◆ Problem:
Any picture in the material should be left out, while all other lines are copied exactly.

◆ Raw data:
[Start of section]

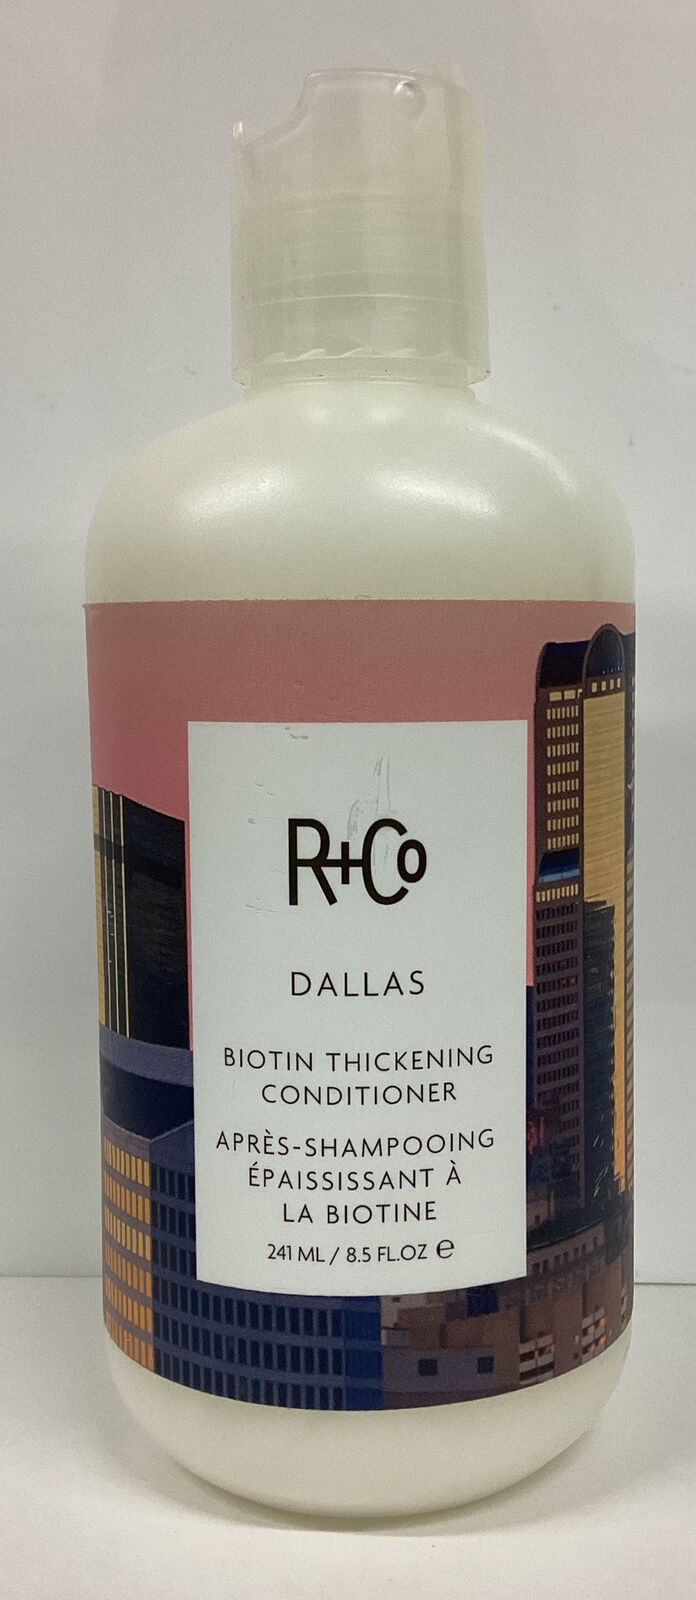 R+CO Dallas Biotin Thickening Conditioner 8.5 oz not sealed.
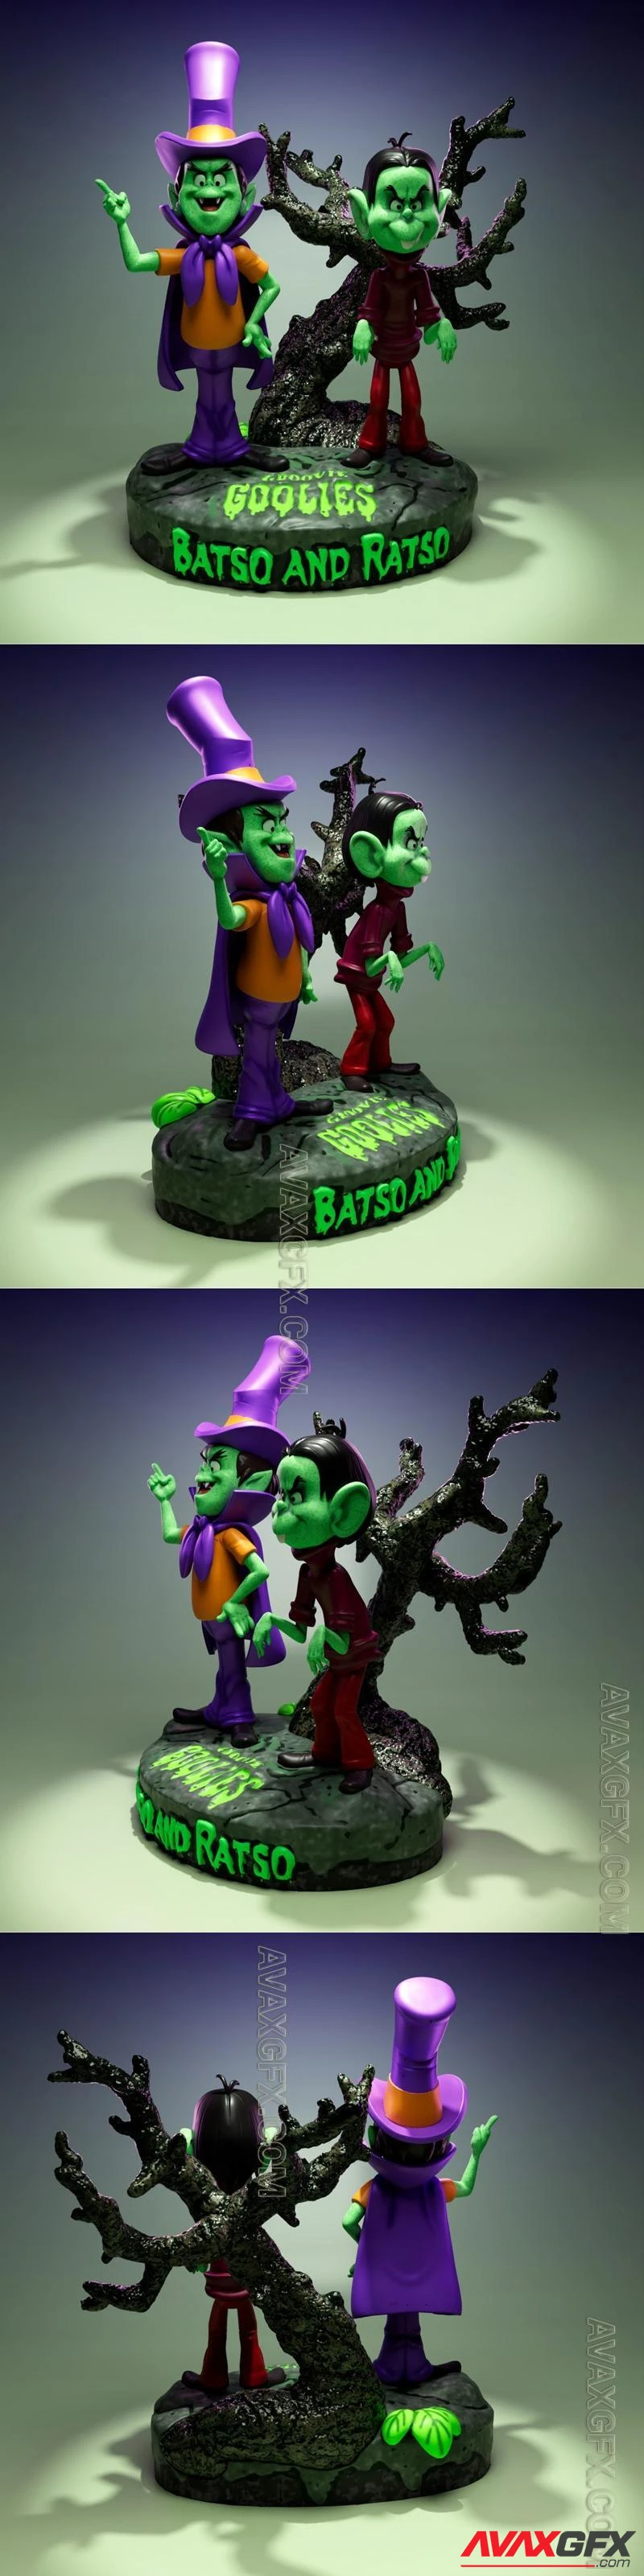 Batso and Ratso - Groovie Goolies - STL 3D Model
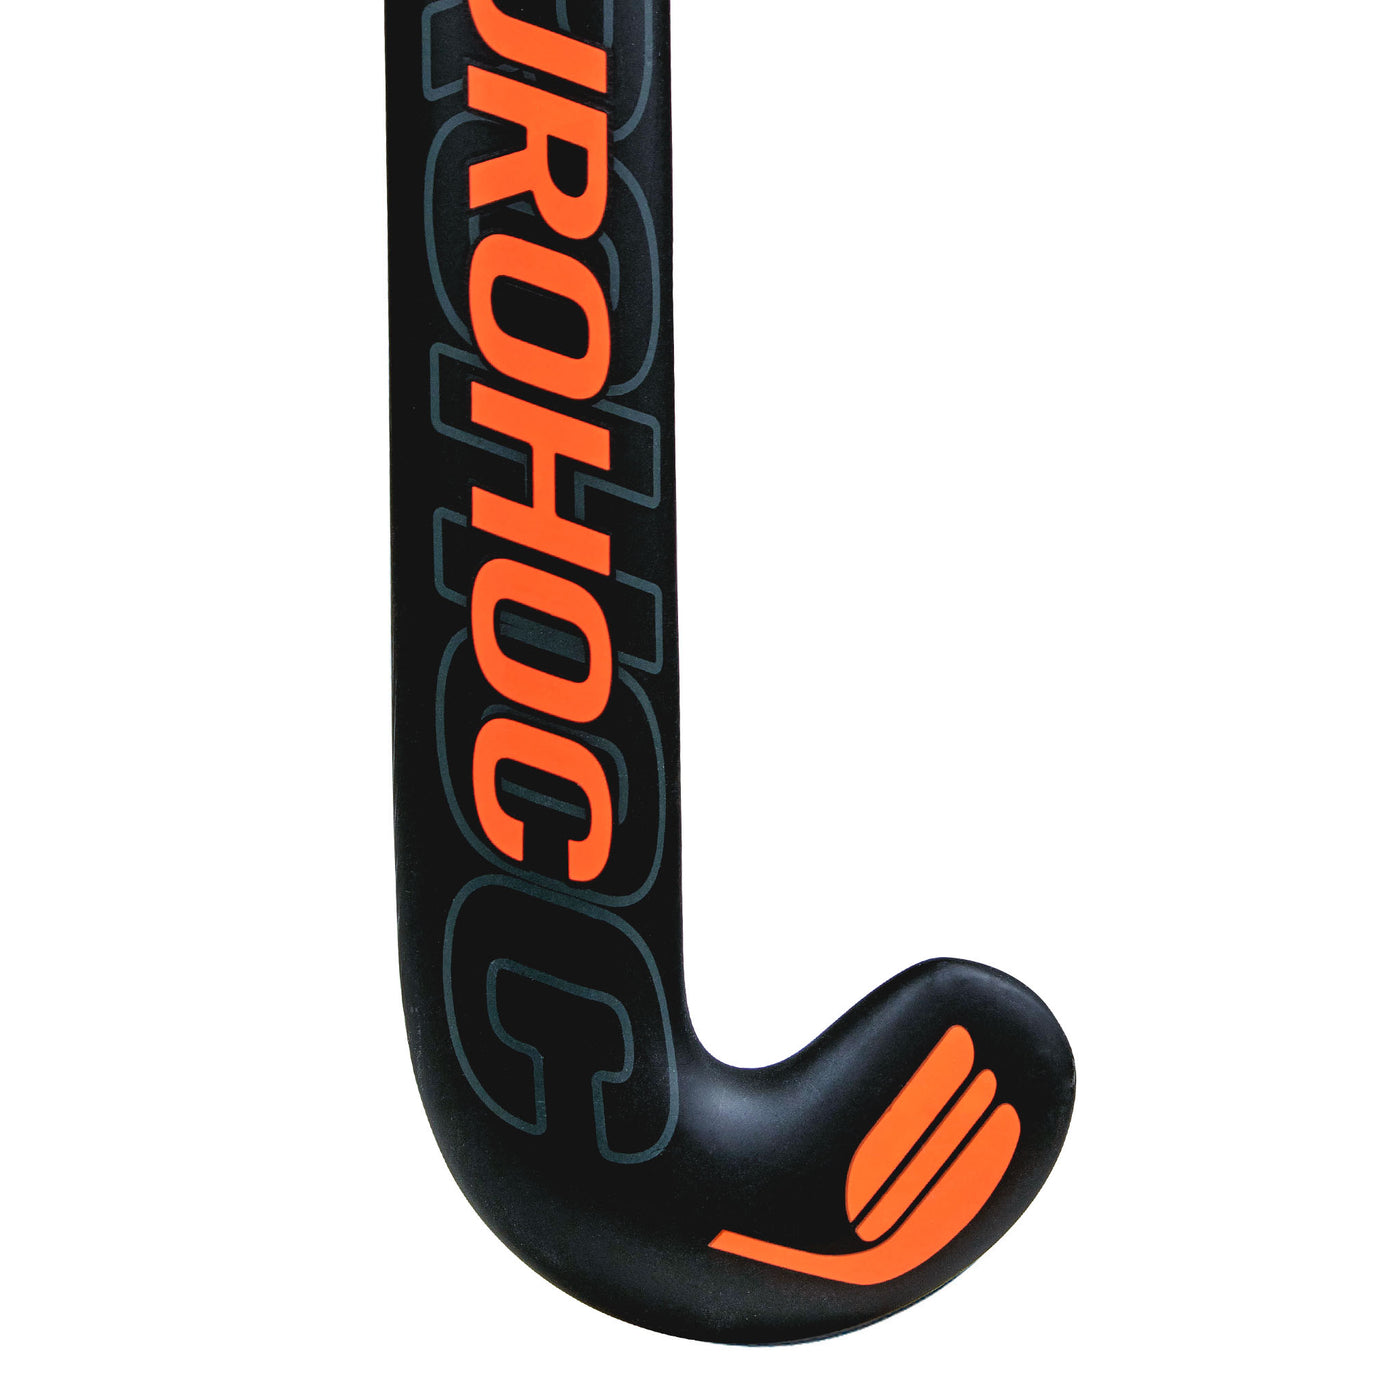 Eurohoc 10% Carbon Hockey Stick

[End of section]

◆ Problem solution:
 R+CO Dallas Biotin Thickening Conditioner 8.5 oz not sealed.
 Batso and Ratso - Groovie Goolies - STL 3D Model
 Eurohoc 10% Carbon Hockey Stick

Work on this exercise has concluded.